[[ SUPPLIED INFORMATION open ]]

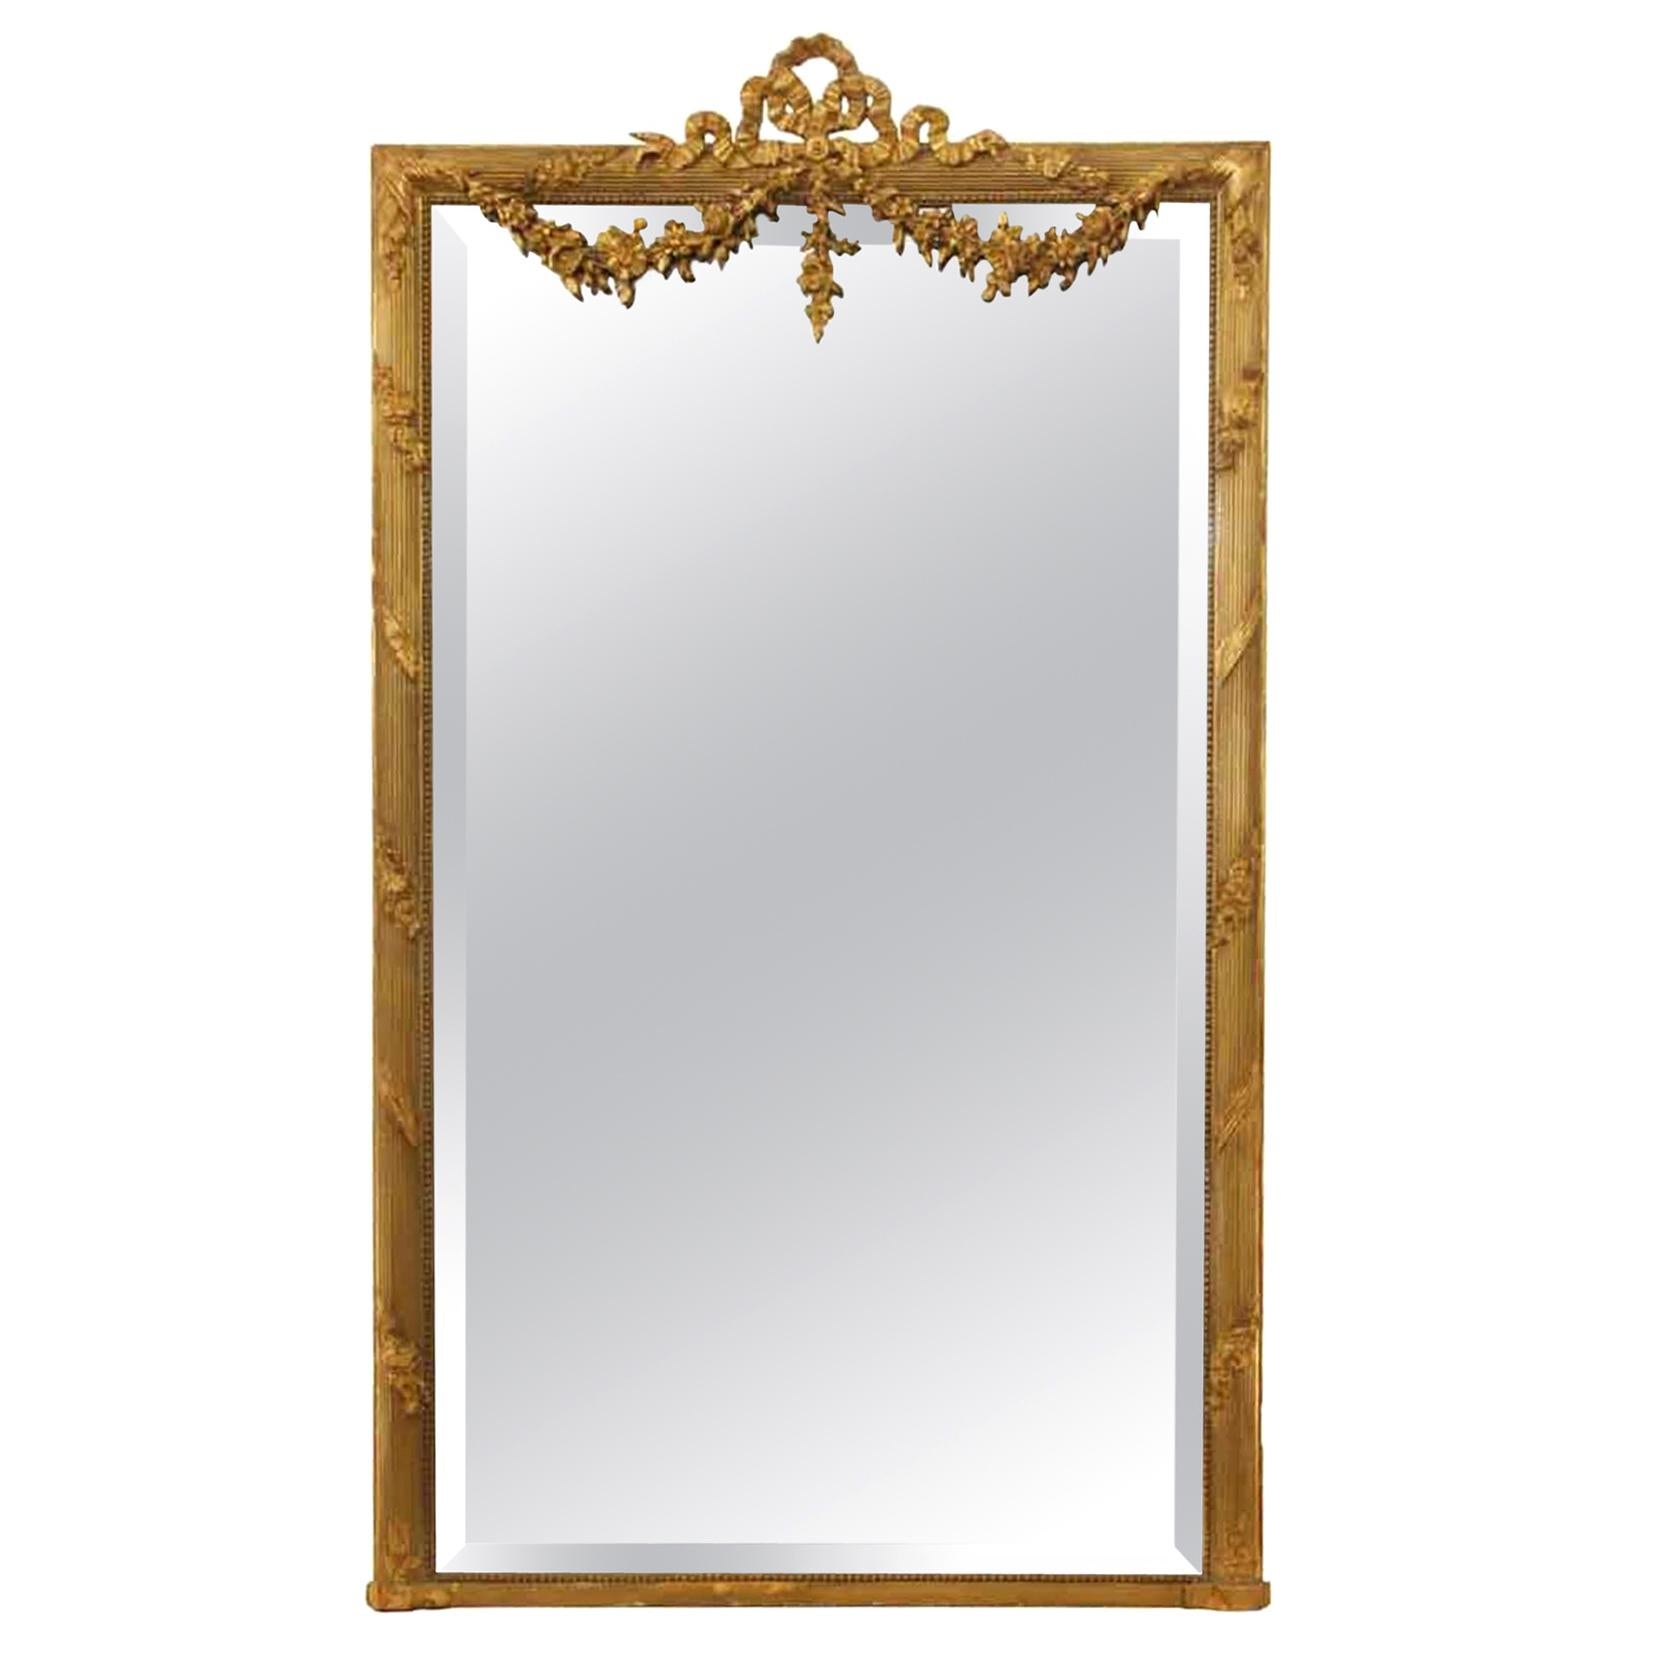 1900s European Rectangular Gold Gilded Ornate over Mantel Mirror
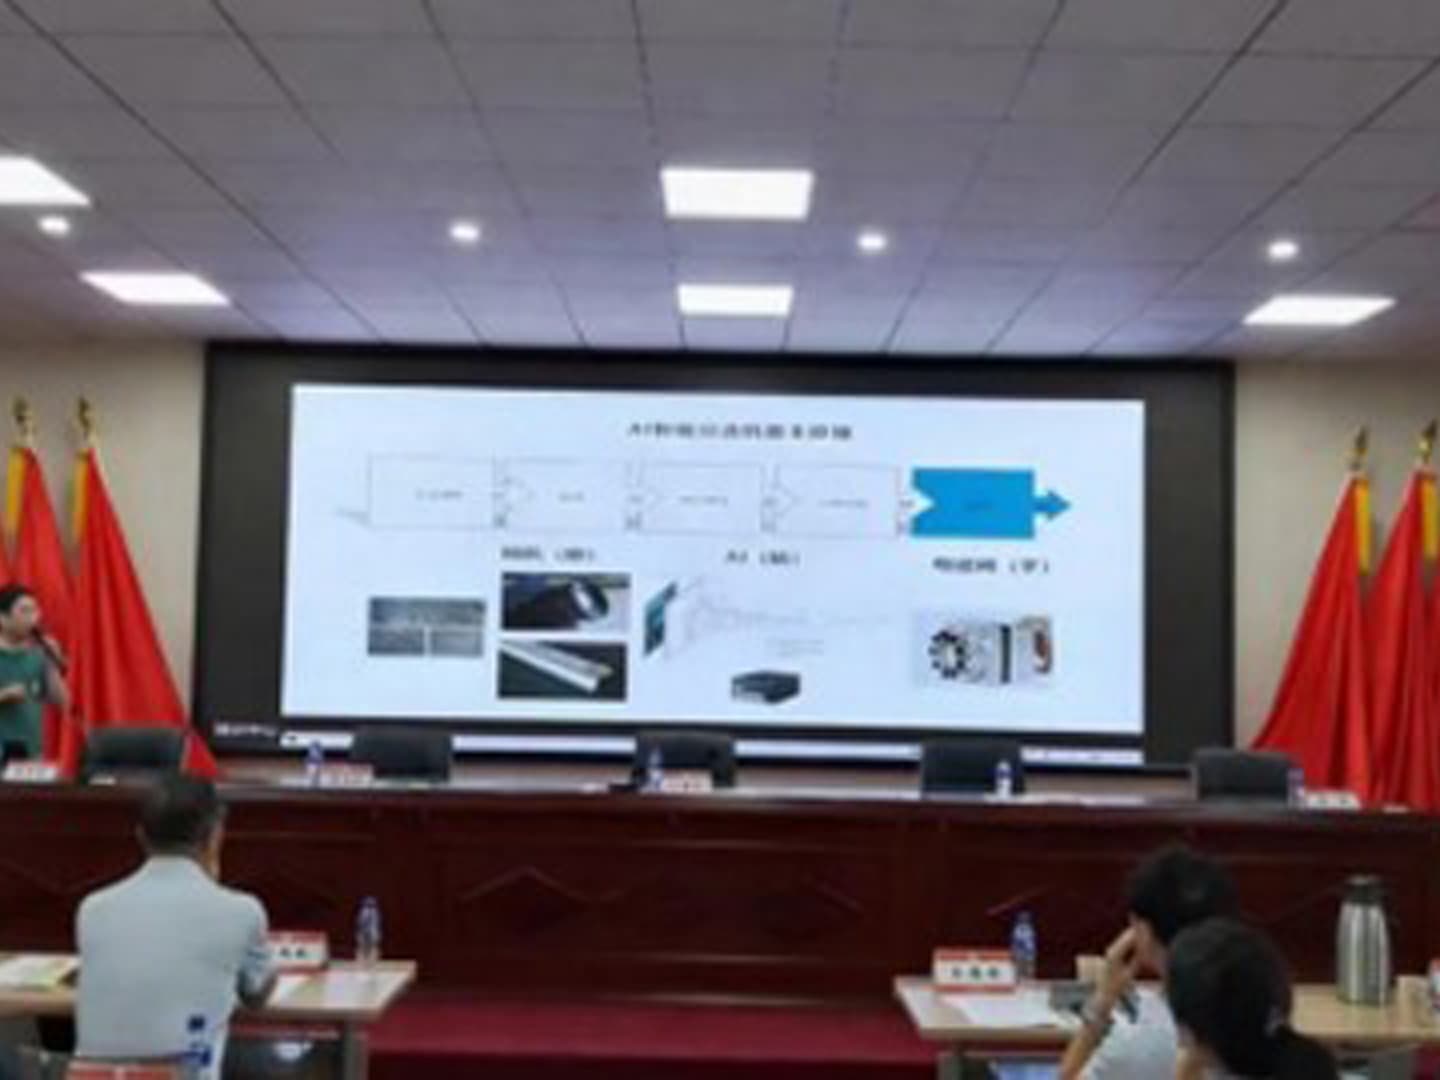 Shandong Gold провела встречу по обмену технологиями переработки полезных ископаемых. Минде был приглашен
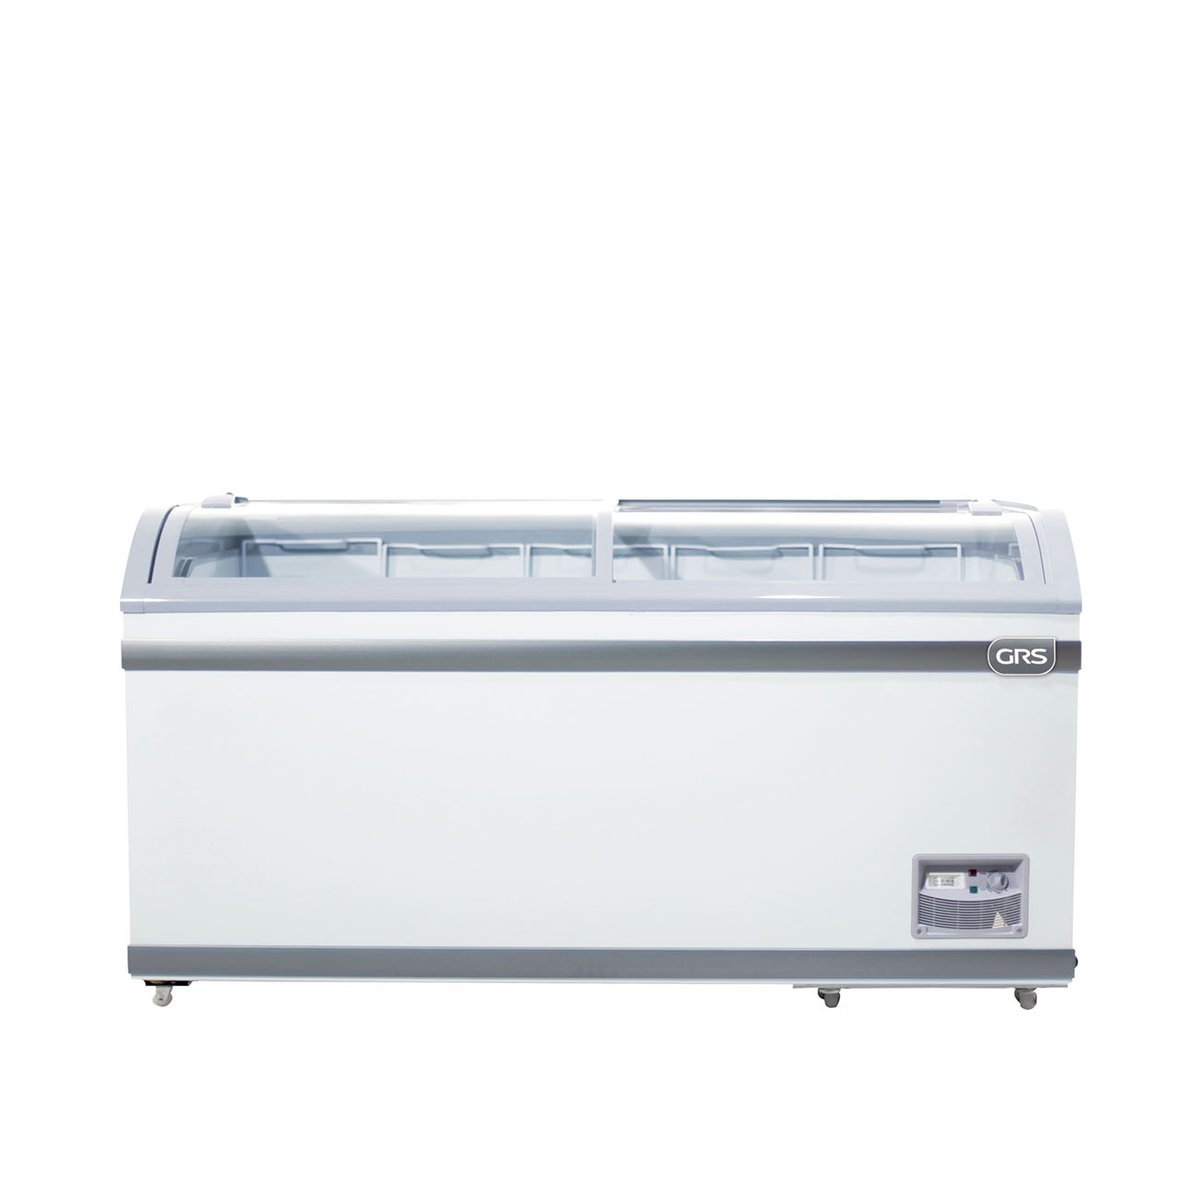 ✓ Comprar Mini Congelador puerta de cristal 90 litros Bartscher 700342

[[ SUPPLIED INFORMATION closed ]]

Everything in the preceding material must be transcribed exactly, except the images.

▶ YOUR RESPONSE:
 1900s European Rectangular Gold Gilded Ornate over Mantel Mirror
 Shandong Gold провела встречу по обмену технологиями переработки полезных ископаемых. Минде был приглашен
 ✓ Comprar Mini Congelador puerta de cristal 90 litros Bartscher 700342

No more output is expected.